For an analysis of the data on pendency and vacancies in the Indian judiciary, see here.

Figure 4: Vacancy of judges across subordinate courts (in %) (as on February 20, 2020)


Source: Report No. 101, Standing Committee on Personnel, Public Grievances, Law and Justice (2020); PRS.


How many judges do we need?

The Law Commission of India (1987) had noted the importance of manpower planning for the judiciary.  Lack of adequate number of judges means a greater workload per judge.  Thus, it becomes essential to arrive at an optimal judge strength to deal with pending and new cases in courts.  Over the years, different methods of calculating the required judge strength for subordinate courts (where the backlog of cases in the Indian judiciary is concentrated) have been recommended (see Table 1). 

Table 1: Methods recommended for calculating the required number of judges for subordinate courts

Method of calculation

Recommendation and its status

Judge-to-population ratio: optimum number of judges per million population

The Law Commission of India (1987) had recommended increasing this ratio to 50 judges per million people.  This was reiterated by the Supreme Court (2001) and the Standing Committee on Home Affairs (2002).  For 2020, the judge-to-population ratio was 21 judges per million population.     Note that this figure is calculated based on the sanctioned strength of judges in the Supreme Court, High Courts and subordinate courts.

Rate of disposal: number of additional judges required (to clear the existing backlog of cases and ensure that new backlog is not created) based on the average number of cases disposed per judge

The Law Commission of India (2014) proposed this method.  It rejected the judge-to-population ratio method, observing that filing of cases per capita varies substantially across geographic units depending on socio-economic conditions.
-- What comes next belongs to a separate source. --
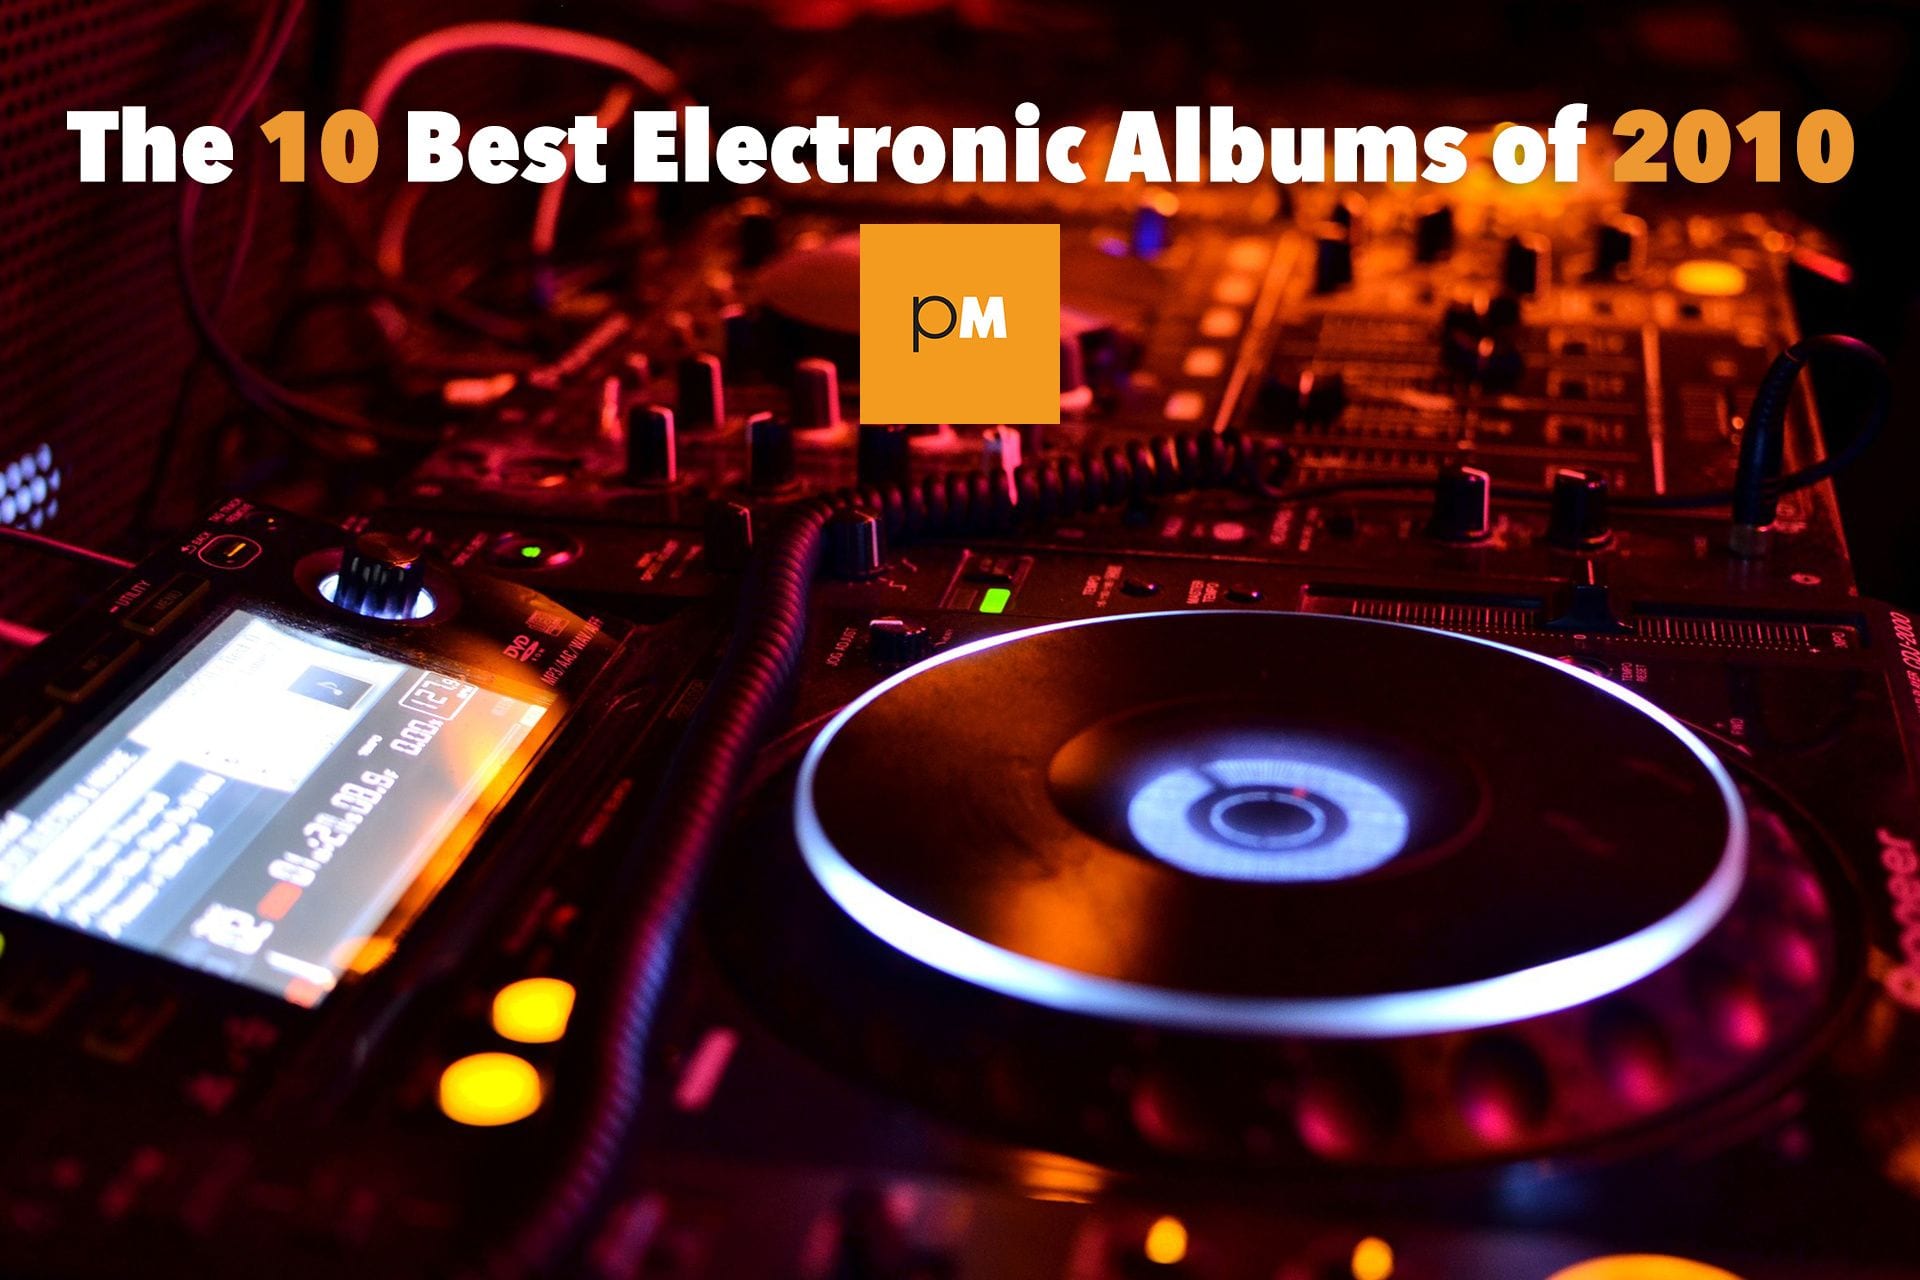 The 10 Best Electronic Albums of 2010

Weighted case load method: calculating judge strength based on the disposal by judges, taking into account the nature and complexity of cases in local conditions

The National Court Management Systems Committee (NCMS) (2016) critiqued the rate of disposal method.     It proposed, as an interim measure, the weighted case load method, which addresses the existing backlog of cases as well as the new flow of cases every year in subordinate courts.     In 2017, the Supreme Court accepted this model.

Time-based weighted case load method: calculating the required judge strength taking into account the actual time spent by judges in different types of cases at varying stages based on an empirical study

Used widely in the United States, this was the long-term method recommended by the NCMS (2016) to assess the required judge strength for subordinate courts.  It involves determining the total number of ‘judicial hours’ required for disposing of the case load of each court.  The Delhi High Court used this approach in a pilot project (January 2017- December 2018) to calculate the ideal judge strength for disposing of pending cases in certain courts in Delhi.

Sources: Reports No. 120 (1987) and 245 (2014), Law Commission of India; Report No. 85, Standing Committee on Home Affairs (2002); Note for Calculating Required Judge Strength for Subordinate Courts, National Court Management Systems Committee (NCMS) (2016); Imtiyaz Ahmad vs. State of Uttar Pradesh, Supreme Court (2017); PRS.